BGM: Blur - Crazy Beat
Is this really what I have wanted to say? Maybe I am always thinking, questioning this... but I write something completely different when/if I start writing. Today, I started writing my first piece of novel. At least, I need a patience to writing it on because I have to rename the characters, and also rewrite its details. And also, I am finding that it has been becoming really chaotic because I can't concentrate writing one and only, straight plot line. If I try to write my co-worker's kindness, I suddenly start thinking how fertile her body figure is, and also I want to write what kind of tenderness she once showed me actually. Dear readers, this is autism. My brain always outputs such mess pieces of idea everyday.
My autism... I never be able to the author like Ryu Murakami, or Haruki Murakami. Because my thinking always goes to somewhere easily, and it suddenly comes to me again and again. In other ways, such random thinking style of mine has been making "me" sicken. And also, I don't have any "social" or "worthful" topics to write. All I am having is just my silly, tiny ideas. But those kinds of tiny ideas as this tiny myself can be important as any big ones I believe. Therefore I won't be afraid of writing those tiny truths of mine.
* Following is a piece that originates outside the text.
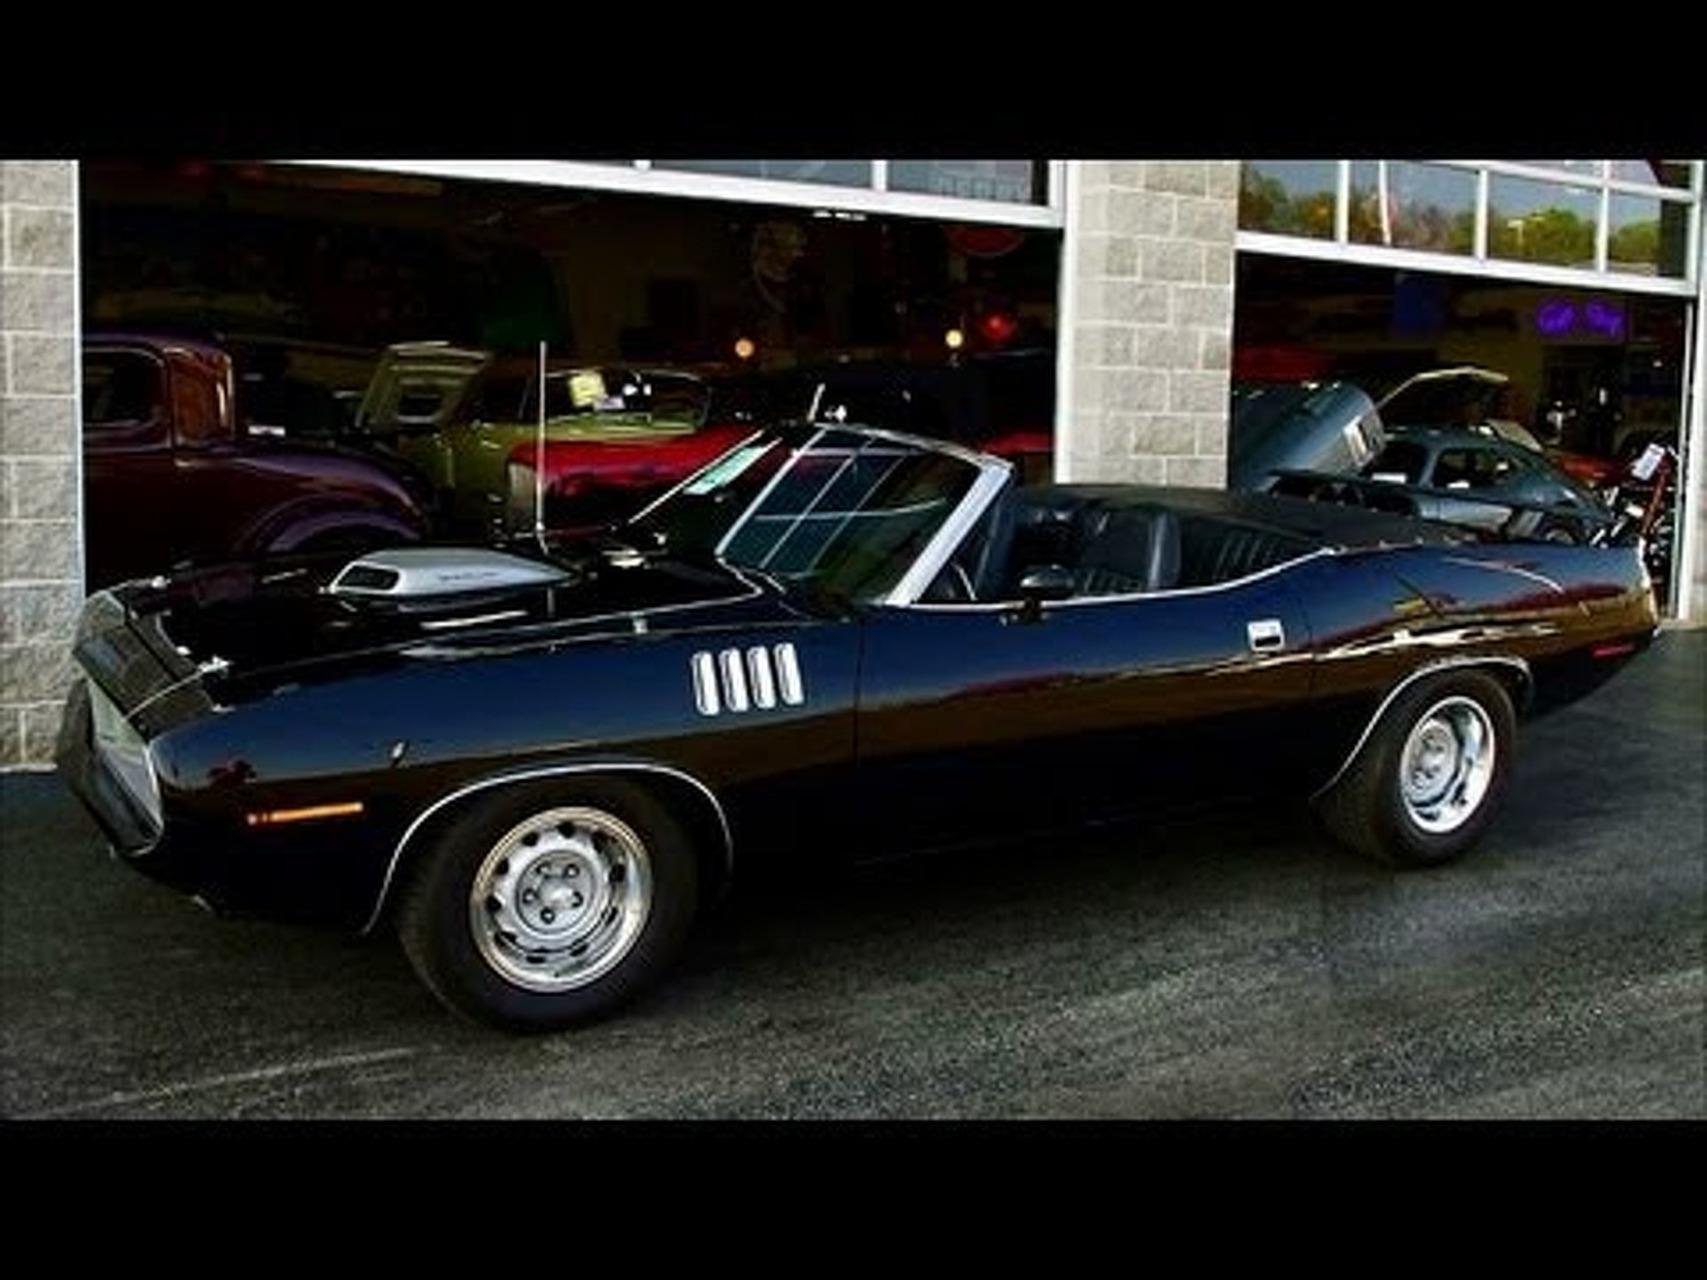 1971 Plymouth Barracuda 440 V8 Triple Black Convertible

I am never a critic so I can't tell anything based on any great, professional theories. But... it might be a weird "youthful" novel even though main character (this myself) is already 48. I have been attracted by my elder co-workers' kindness even though she has already got her grandson... But does it have the worth to be read? I can't see.
This evening, My job coach and I had a meeting on ZOOM. The topic was the problem of my money management. And her eyes has been so keen and kind that she suggested me that it must come from my stressful life. We decided to record how my money has been draining from me to somewhere. I sent her the first piece of my "THINK TANK" (this is the title of my novel).